Checking a more complex table

We also want to know if the sessions mentioned in the people table are valid. In order to do that, we'll need to project each list of sessions to a set of rows.

with person_session as (
select
person,
string_to_array(
regexp_replace(sessions, '\s', '', 'g'),
','
) as sessions
from csv.people
)
select
person,
unnest(sessions) as session
from
person_session
+--------+---------+
| person | session |
+--------+---------+
| Joe | 103 |
| Joe | 104 |
| Mary | 101 |
| Mary | 102 |
| Frank | 101 |
| Sasha | 101 |
+--------+---------+

The regexp_replace function strips whitespace so that each session id won't include any spaces. The string_to_array function then turns that string value into an array. These steps will be familiar to everyone whose used Python, or another language, to clean and reshape data.

If you're coming from Python, you can read regexp_replace as re.sub and string_to_array as split. The unnest function, though, will be less familiar. It projects a Postgres array to rows, so we end up with multiple rows for Joe and Mary.

Given this setup, here's a control that checks for valid sessions in the sessions table. We use select distinct because we don't need to check duplicate occurrences of a session.

control "sessions_valid_in_people_table" {
title = "Sessions in the people table are valid"
sql = <<EOT
with person_session as (
select
person,
string_to_array(
regexp_replace(sessions, '\s', '', 'g'),
','
) as sessions
from csv.people
),
unnested as (
select distinct
unnest(sessions) as session
from
person_session
)
select
'event planner' as resource,
case
when (
session = any(array['101','102','103','104','105','201','202','203','204','205'])
) then 'ok'
else 'alarm'
end as status,
'Session ' || session as reason
from unnested
EOT
}

We can now run either of these controls individually, using steampipe check control.sessions_valid_in_sessions_table or steampipe check control.sessions_valid_in_people_table. Or we can simply use steampipe check all to run all the control in this workspace and report all the results with a combined summary.

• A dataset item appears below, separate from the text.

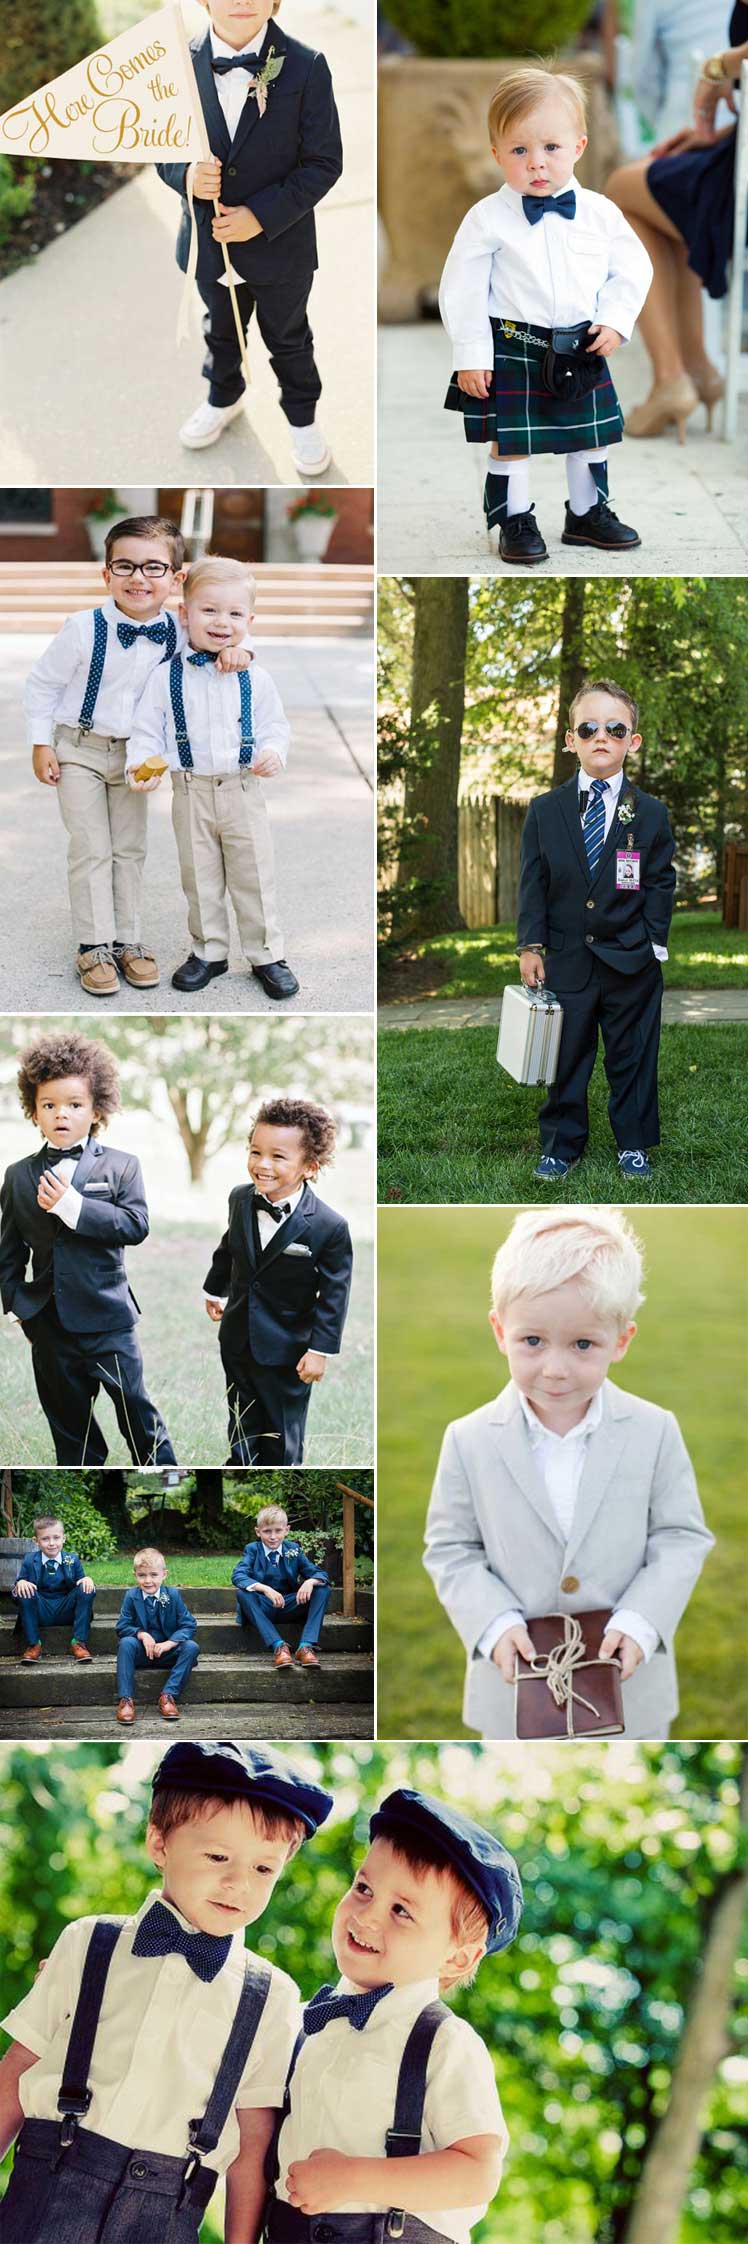 Ring Bearer and Flower Girl 101: Your Questions Answered! — Jennings Trace

~/event_planning$ steampipe check all

Of course we'd rather not write the list of sessions twice. So we'll define them using a variable declared at the top of event_planning.sp.

variable "valid_sessions" {
type = list(string)
default = ["101","102","103","104","105","201","202","203","204","205"]
}

The values are double-quoted, JSON-style. Now we can refer to that variable from each of the controls. Here's the first one, revised accordingly.

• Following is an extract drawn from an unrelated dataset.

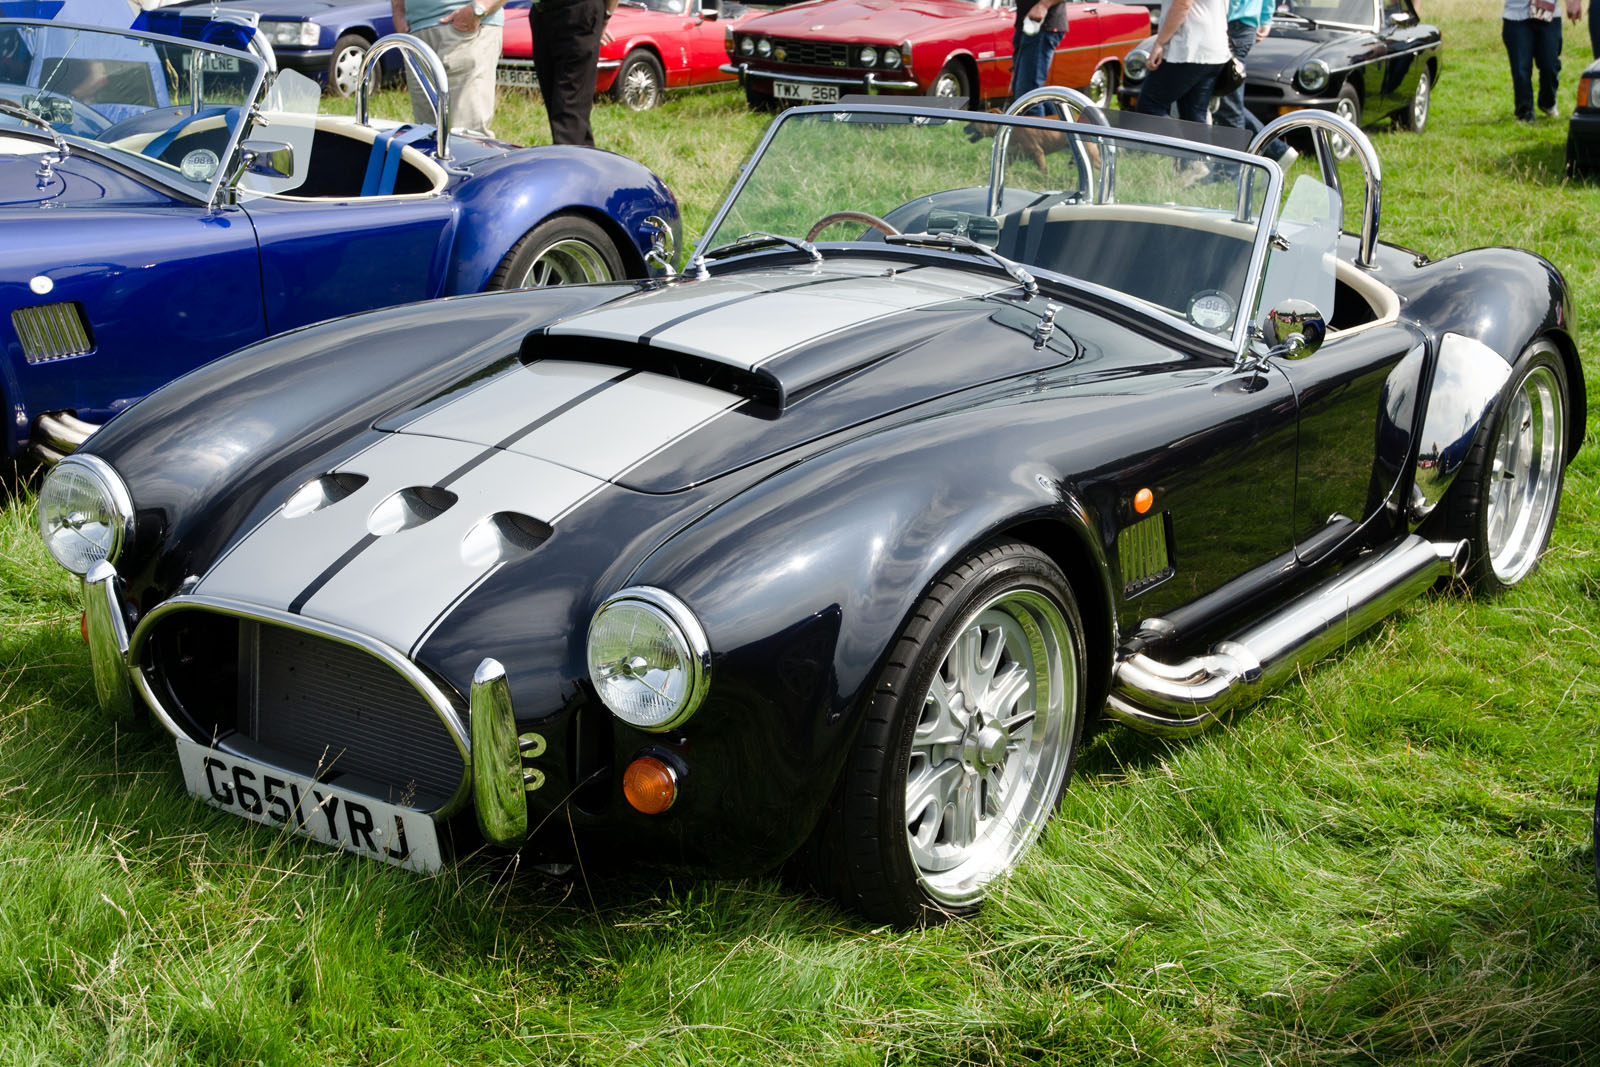 a black and gray sports car is on display

control "sessions_valid_in_session_table" {
title = "Sessions in the sessions table are valid"
sql = <<EOT
select
'event planner' as resource,
case
when (
session = any( $1 )
) then 'ok'
else 'alarm'
end as status,
'Session ' || session as reason
from
csv.sessions
EOT
param "valid_sessions" {
default = var.valid_sessions
}
}

There can be more than one param argument corresponding to more than one variable. In that case, the order of the variable declarations does not matter, but the order of the param arguments does. If valid_sessions were a second param argument then the placeholder for its interpolation into the query would be $2.

Alternative outputs

Along with dynamic schemas, the 0.9 release added support for two new flavors of control output: HTML and Markdown. To produce HTML output:

steampipe check all --export=event_planning.html

Conclusion

Dynamic schemas vastly expand the universe of data available to Steampipe. The CSV plugin was the first to exploit the new capability, but already there's another. With the AirTable plugin, contributed by François de Metz, you can bring tables from that system into Steampipe.

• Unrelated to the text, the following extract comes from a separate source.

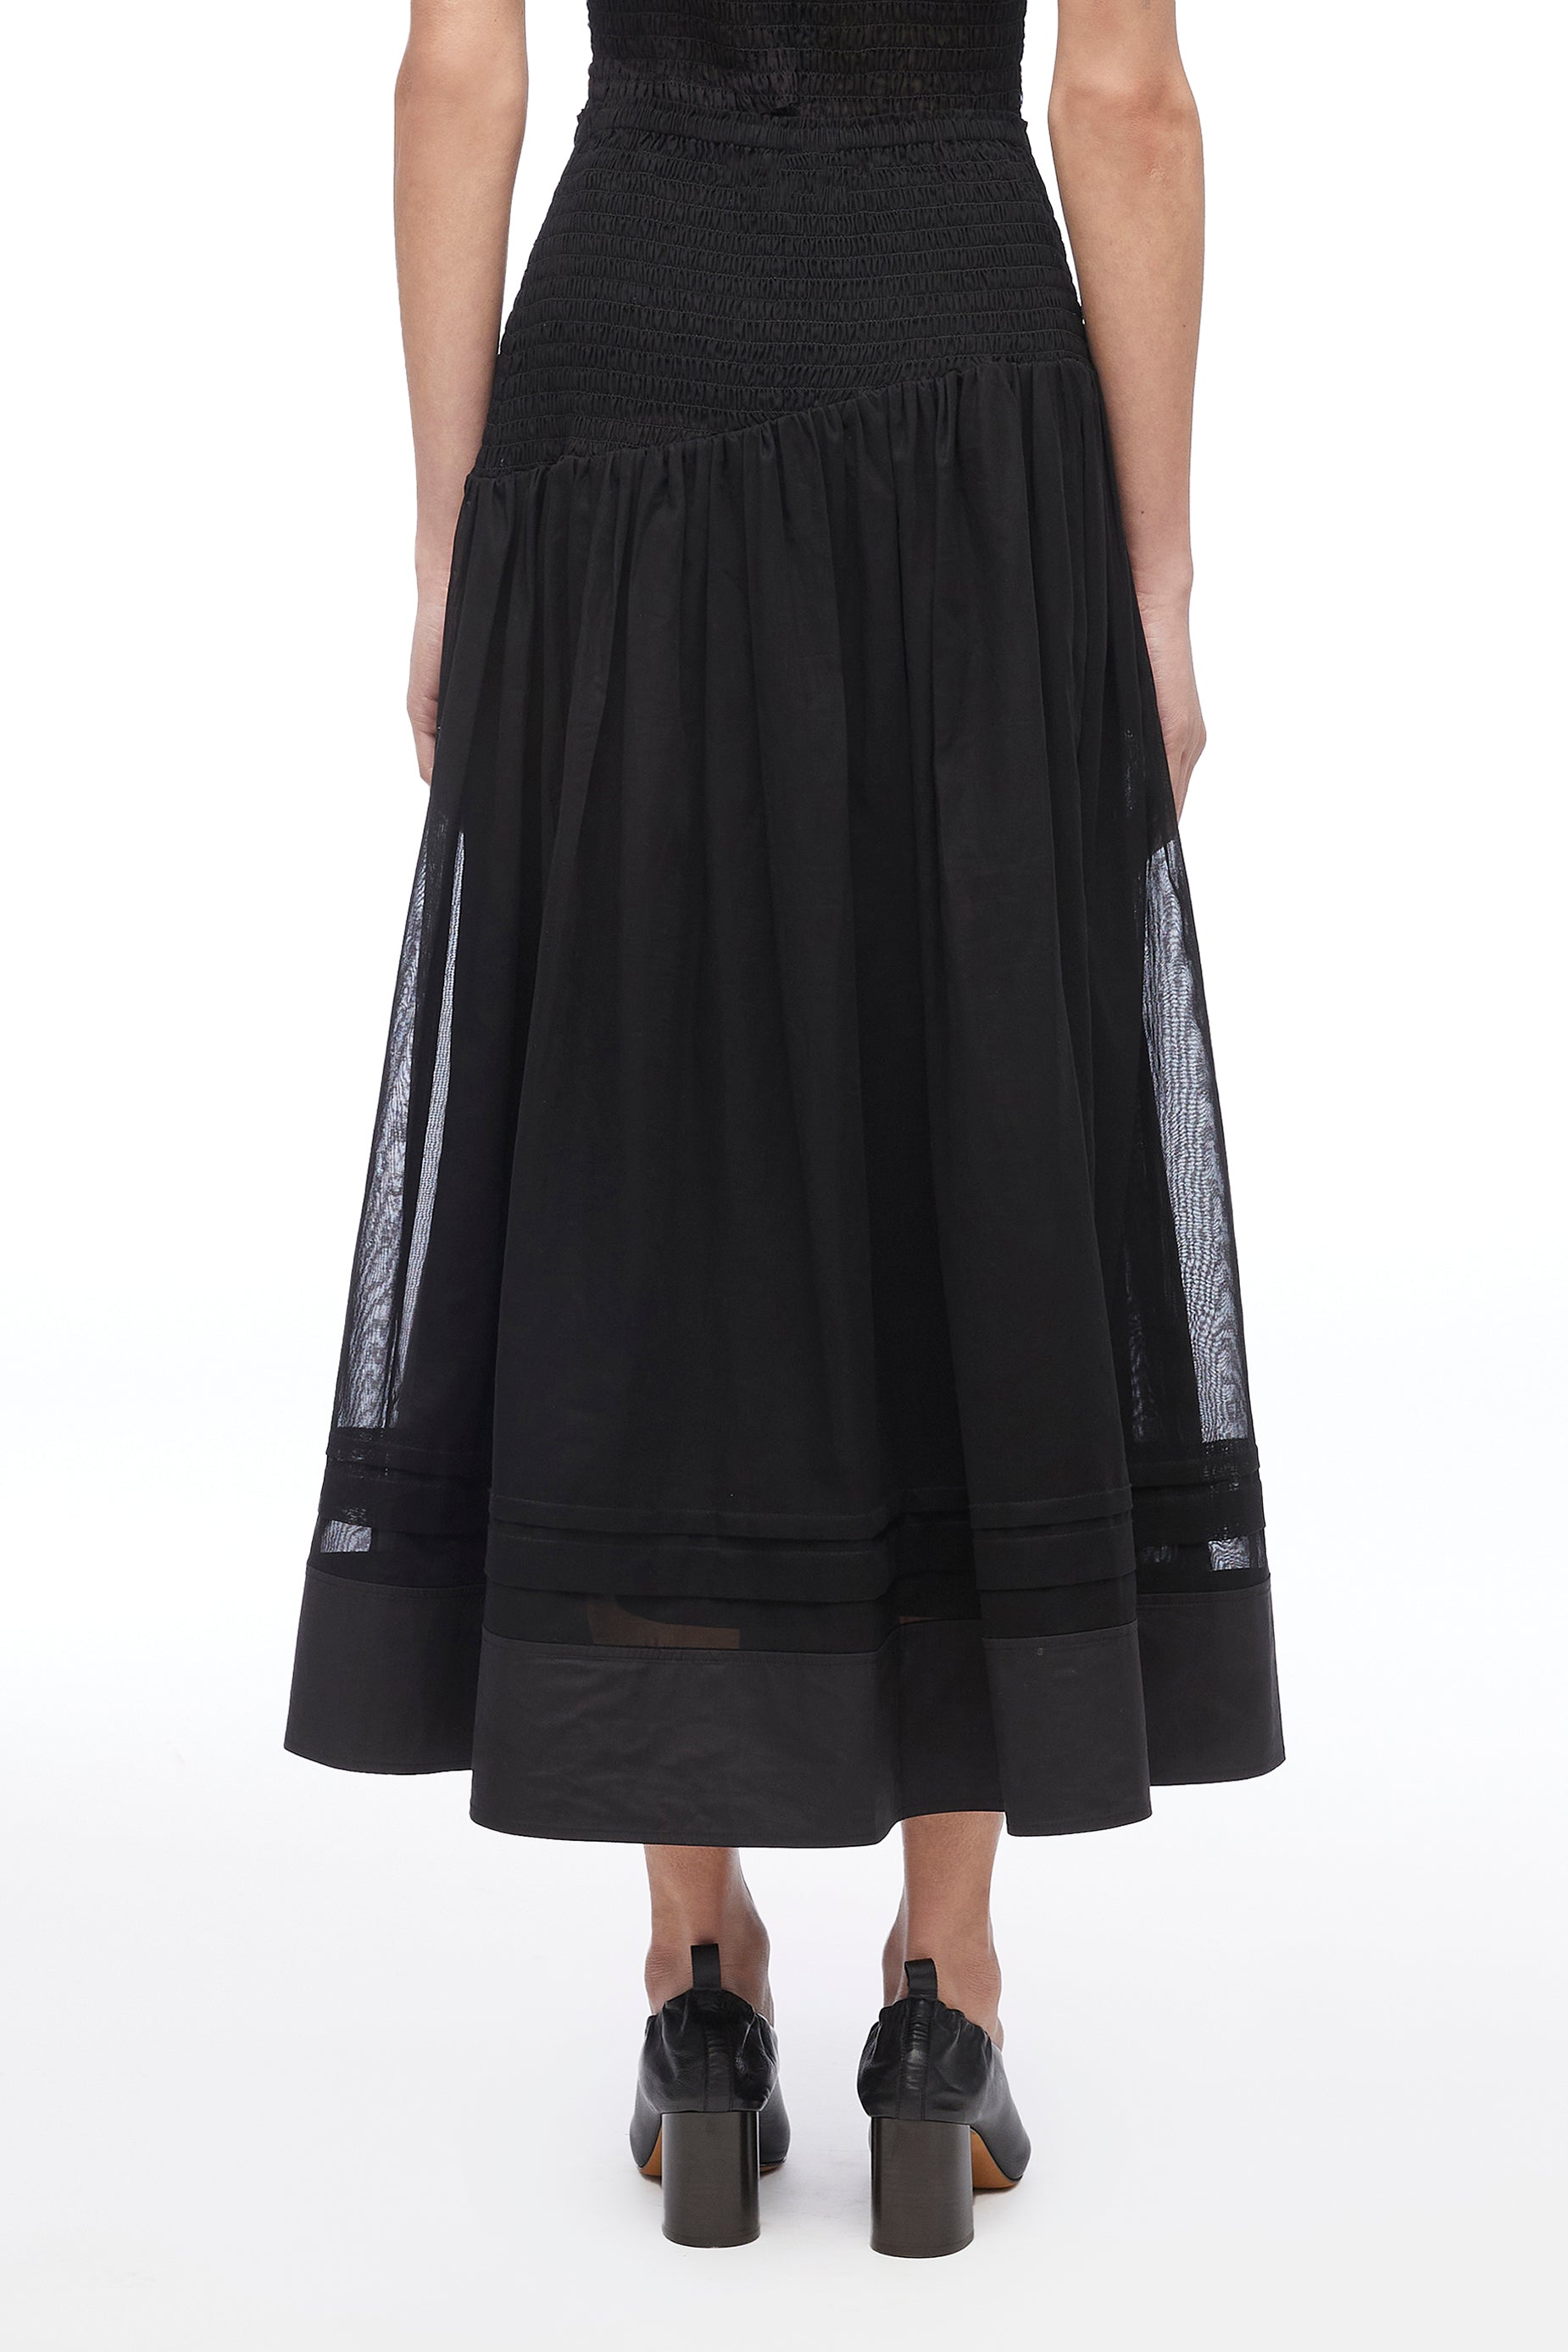 Cotton Voile Skirt With Smocking

If there weren't an AirTable plugin, of course, you could export to CSV and use the CSV plugin. CSV is truly the lingua franca of data exchange; all kinds of systems and apps can export it; the folks at GitTables are annotating and studying 1.7 million tables extracted from CSV files in GitHub!

You can use CSV-sourced data to augment queries and controls that work with Steampipe's growing collection of plugins. But as we've seen here, you can also write simple controls to check the integrity of critical data that's managed, for better and worse, in spreadsheets. Our Steampipe samples repo has the ingredients shown here. Install the CSV plugin, run the controls, then show us how you've used this method to check the integrity of one of your spreadsheets!